Birçok kadınlar da imkanlarına göre, her şeylerini Allah ve Rasûlüne gönderdiler. Bâzı kadınlar, kollarındaki bilezikleri, kulaklarındaki küpeleri, göğüslerindeki gerdanlıkları, mescidde Peygamber Efendimiz'in önüne atıyorlardı. Allah Rasûlü de onlara en güzel bir şekilde duâ ediyordu.

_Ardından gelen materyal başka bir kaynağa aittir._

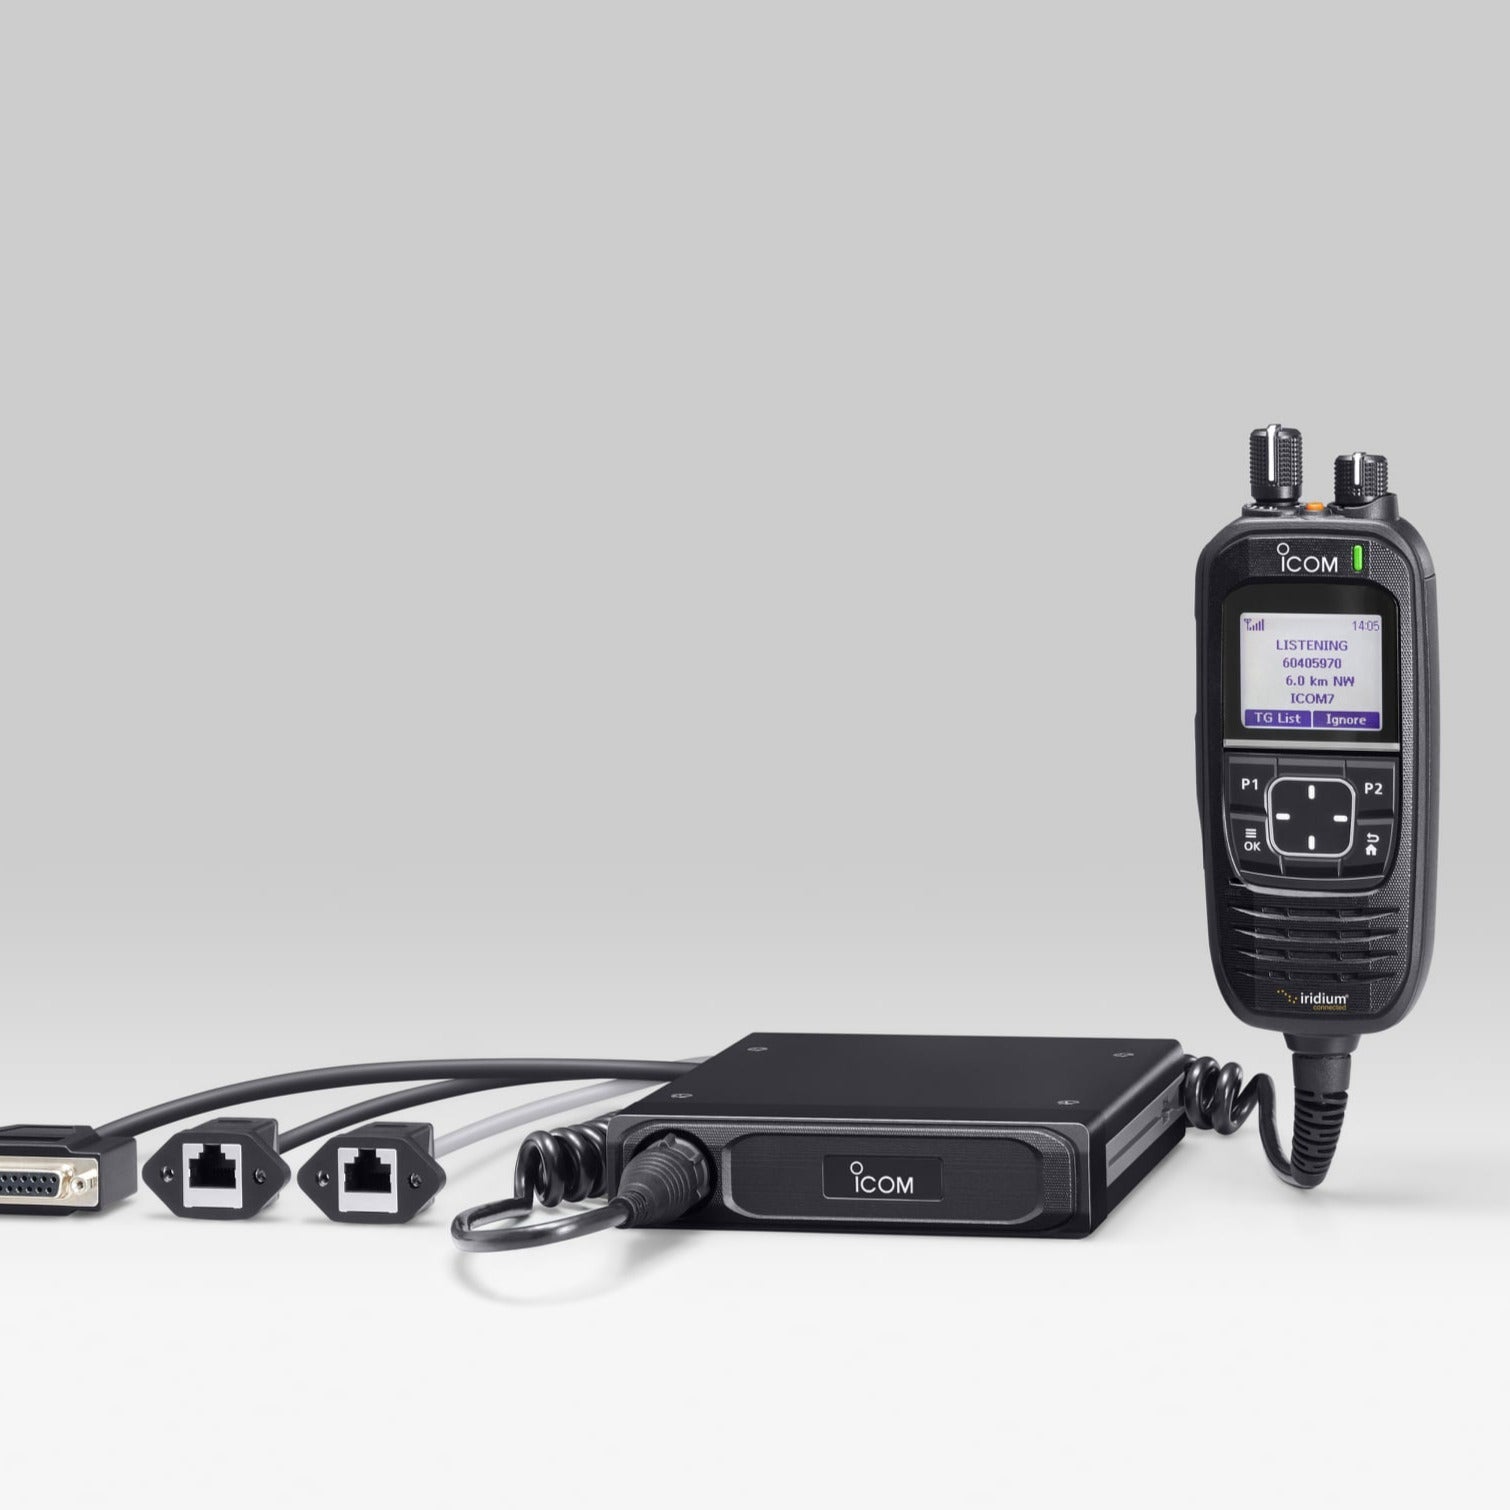 ICOM IC-SAT100 Satellite PTT Transceiver Hearing Protection and Comms ICOM Tactical Gear Supplier Tactical Distributors Australia

Peygamberimiz, işini çok sıkı ve hızlı tuttu. Sefere çıkmak için ordugâhını Seniyyet-ül Vedâğ'da kurdu. Kadınlar ve çocuklar, Peygamber Efendimiz'i uğurlamak için buraya kadar geldi. Tebük Seferi için toplanan Müslümanlar, dîvan defterine sığmayacak kadar çoktu. Allah Rasûlü, ordugâhta namaz kıldırmakla, Hz.Ebû Bekir (R.A.)'i vazîfelendirdi. Medîne'de, Muhammed ibn-i Mesleme'yi yerine vekil bıraktı.

Peygamberimizle birlikte Seniyyet-ül Vedâğ'a kadar gitmiş olan Hz.Ali'ye; "Burada muhakkak ya ben oturacağım, ya sen oturacaksın." buyurup Ehl-i Beyt'in ihtiyaçlarını görmek üzere Medîne'de bırakınca, Hz.Ali ağlıyarak; "Yâ Rasûlellah! Beni çocuklar ve kadınlar içinde vekil mi bırakıyorsun?" dedi.

Peygamberimiz; "Bana göre Sen, Hz.Mûsa yanında Hz.Hârun mevkiinde olmağı, kabul etmiyor musun? Ancak benden sonra nebî yoktur." buyurdu.

Bunun üzerine Hz.Ali, hemen geri dönerek, öyle hızlı yürüdü ki ayaklarının kaldırdığı tozların havaya yükseldiği görüldü.